Using the AGCM NCAR-CAM3 run at different spatial resolutions (T21 to T85) and coupled to the SICOPOLIS ice sheet model, Lofverstrom and Liakka (2018) investigated how the atmospheric model resolution influenced the simulated ice sheets at the Last Glacial Maximum. They found that the North American and the Eurasian ice sheets were properly reproduced with the only T85 run. According to the authors, this is likely due to the inability of the atmospheric model to properly capture the temperature and precipitation fields (used to compute the SMB) at lower horizontal resolutions, as a consequence of the poorly resolved planetary waves and smooth topography. However, running high-resolution atmospheric models at the global scale requires large computing resources. To circumvent the low resolution, some authors have used the method of elevation classes and are therefore able to offer a high resolution in the direction of the slope gradient (e.g. Vizcaíno et al., 2013).
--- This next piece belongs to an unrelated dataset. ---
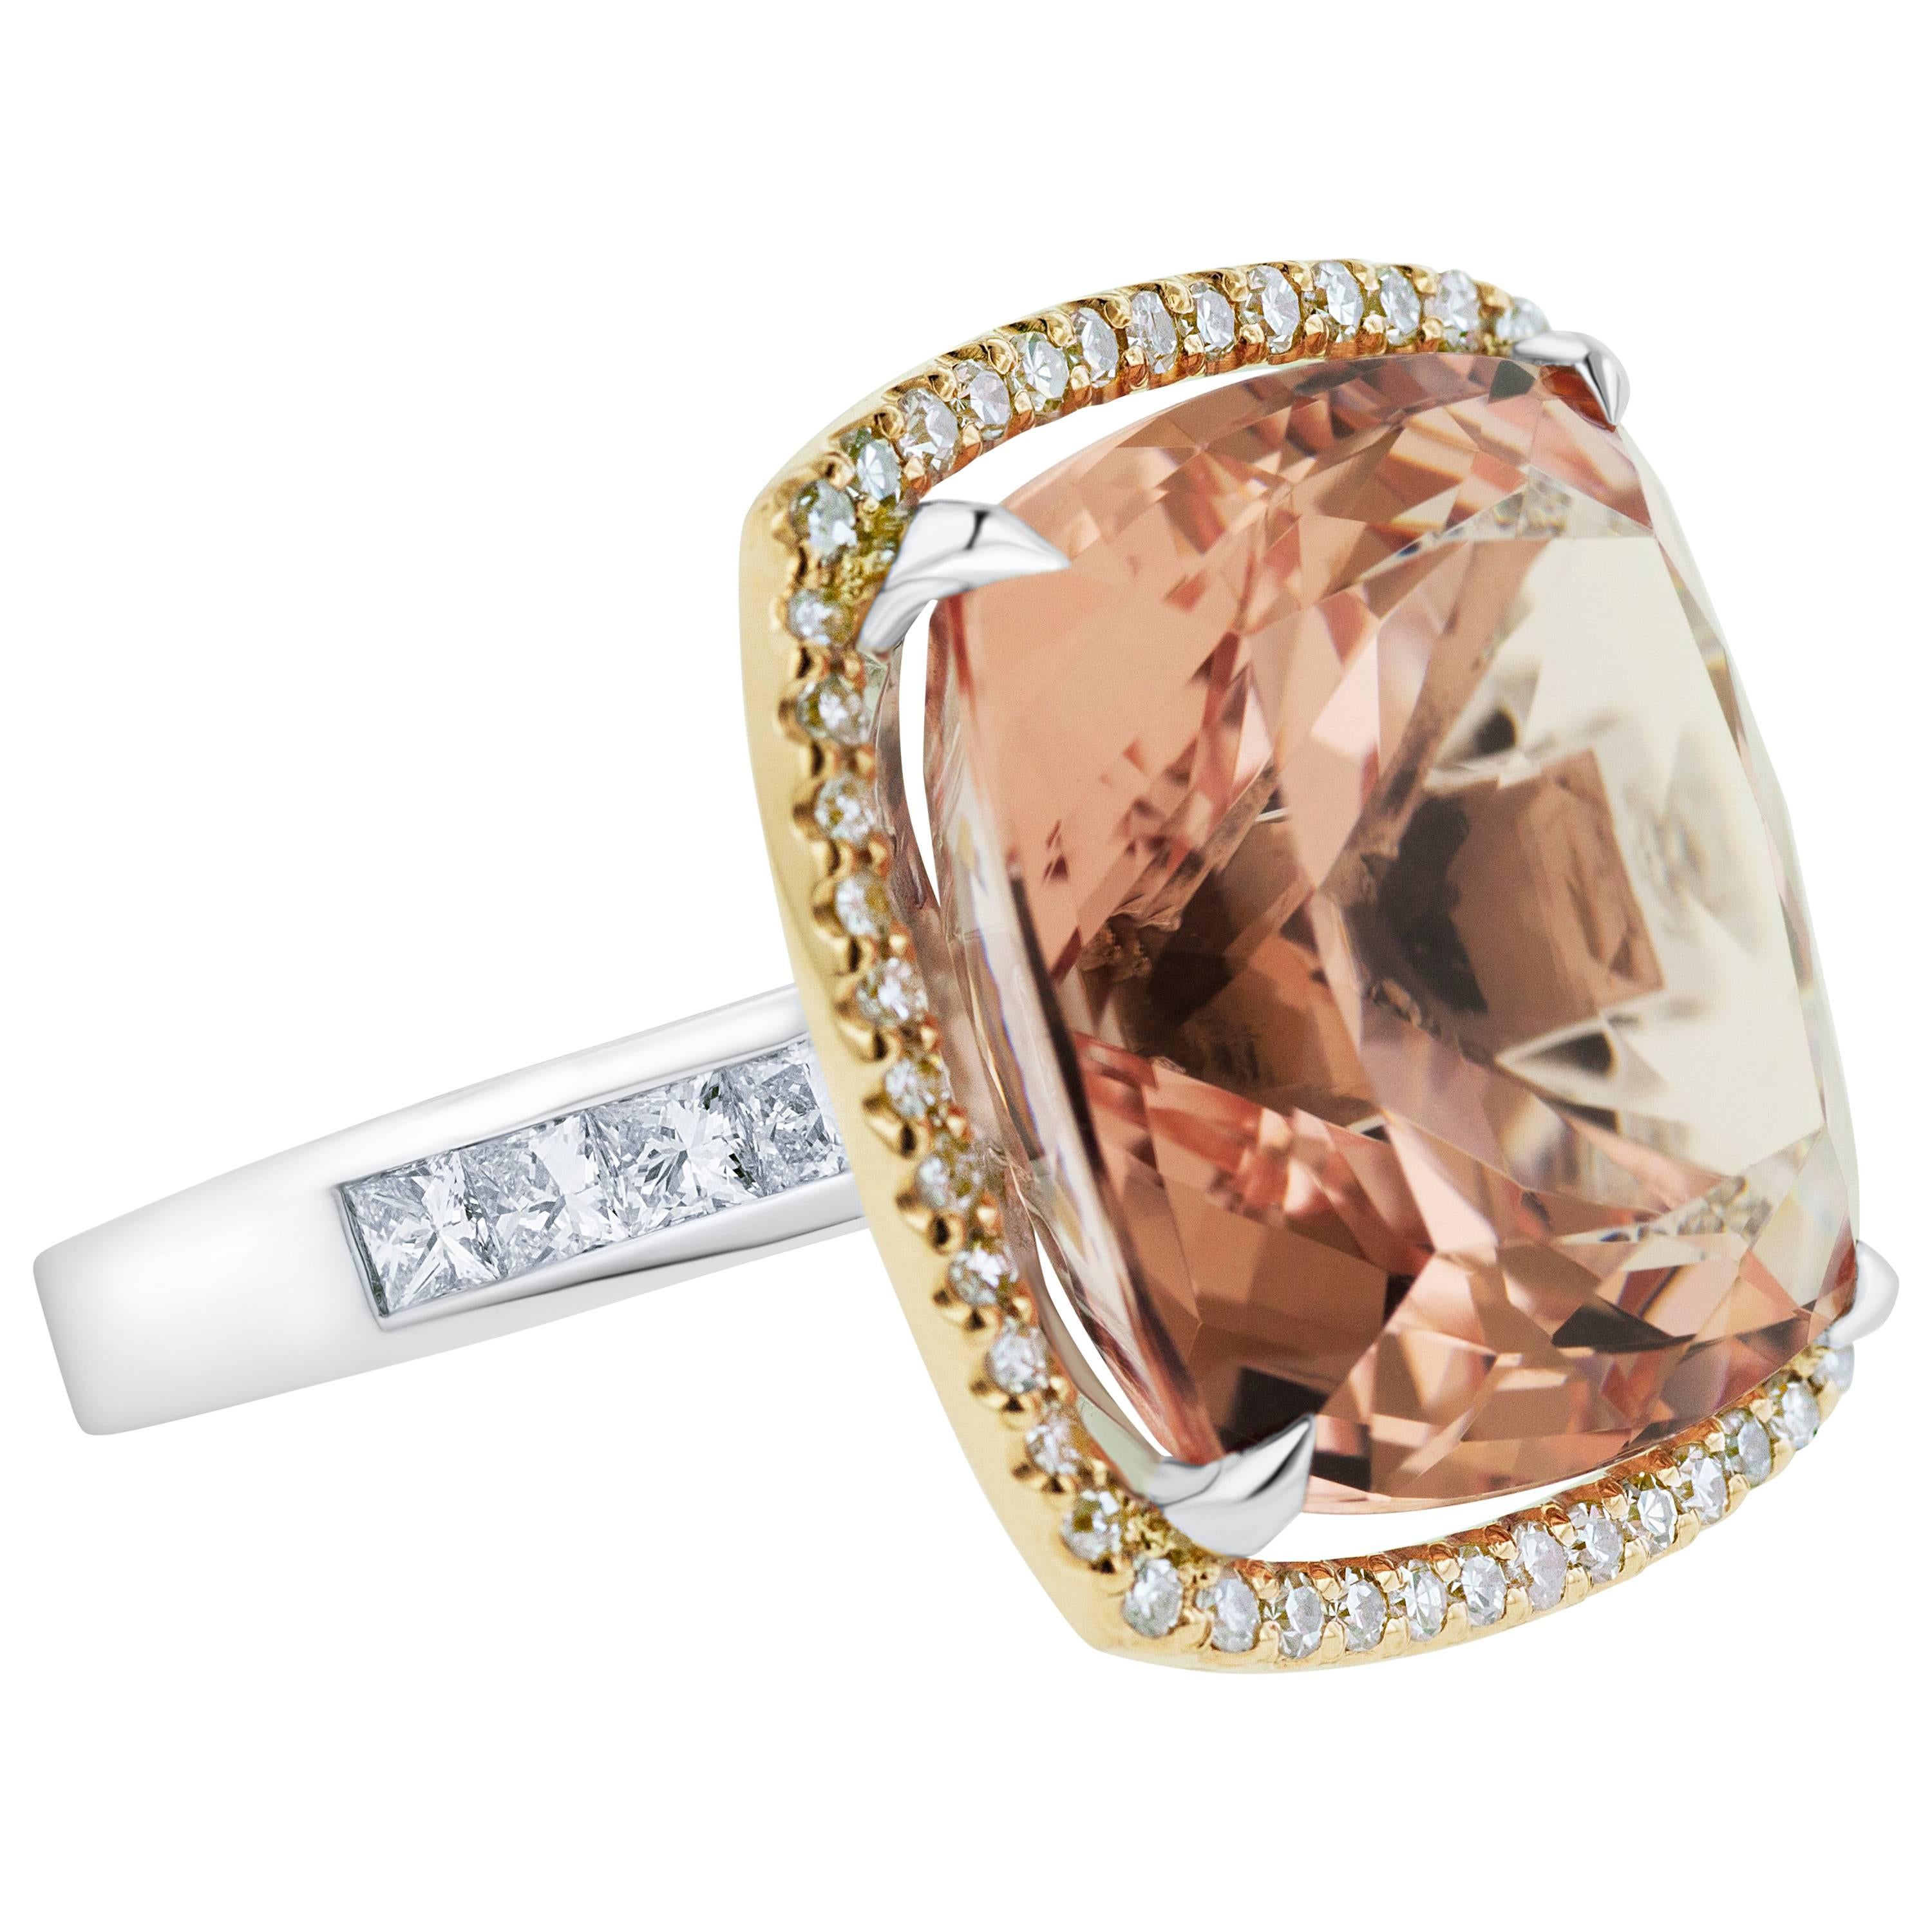 Exclusive 28.49 Carat Pink Morganite Diamond Cocktail Ring For Sale

An alternative solution consists in using regional climate models (RCMs) to produce high-resolution atmospheric fields and much more robust energy balance and SMB calculations. A number of RCMs have been developed for the polar regions such as MAR (Fettweis et al., 2017), RACMO2 (Noël et al., 2015), Polar MM5 (Box, 2013) or HIRHAM5 (Langen et al., 2015). However, the highest resolution of the RCMs is limited by the use of the hydrostatic approximation and often remains below the resolution of Greenland ice sheet models, which are generally running at a 5–10 km scale (Bueler and Brown, 2009; Greve et al., 2011; Price et al., 2011) or even below (e.g. Gagliardini et al., 2013). This means that SMB fields must be corrected for resolution (and thus for elevation) differences between the RCM and the ISM. With the aim of investigating the influence of the MAR resolution on the computed SMB fields, Franco et al. (2012) developed a method to downscale each SMB MAR component (snowfall, rainfall, runoff, sublimation and evaporation) onto a finer grid as a function of elevation changes. An alternative approach to correct the SMB field from surface elevation changes is based on statistical relationships between altitude and SMB (Edwards et al., 2014b). Also derived with MAR, the approach of Edwards et al. (2014b) computes a SMB–elevation feedback gradient for regions below and above the equilibrium line altitude in the northern and southern parts of GrIS, with limited additional computing resources. However, in both parameterizations by Franco et al. (2012) and Edwards et al. (2014b), the authors only consider a strict linear relationship between topography and SMB changes. Although changes in temperature can be derived from a linear vertical lapse rate, other processes governing the SMB such as those related to energy balance, precipitation or atmospheric circulation do not follow a linear relationship with the altitude. While this approach may be valid at the local scale for small elevation changes, it may lead to a misrepresentation of the SMB–elevation feedbacks for substantial changes in altitude, especially at the ice sheet margins.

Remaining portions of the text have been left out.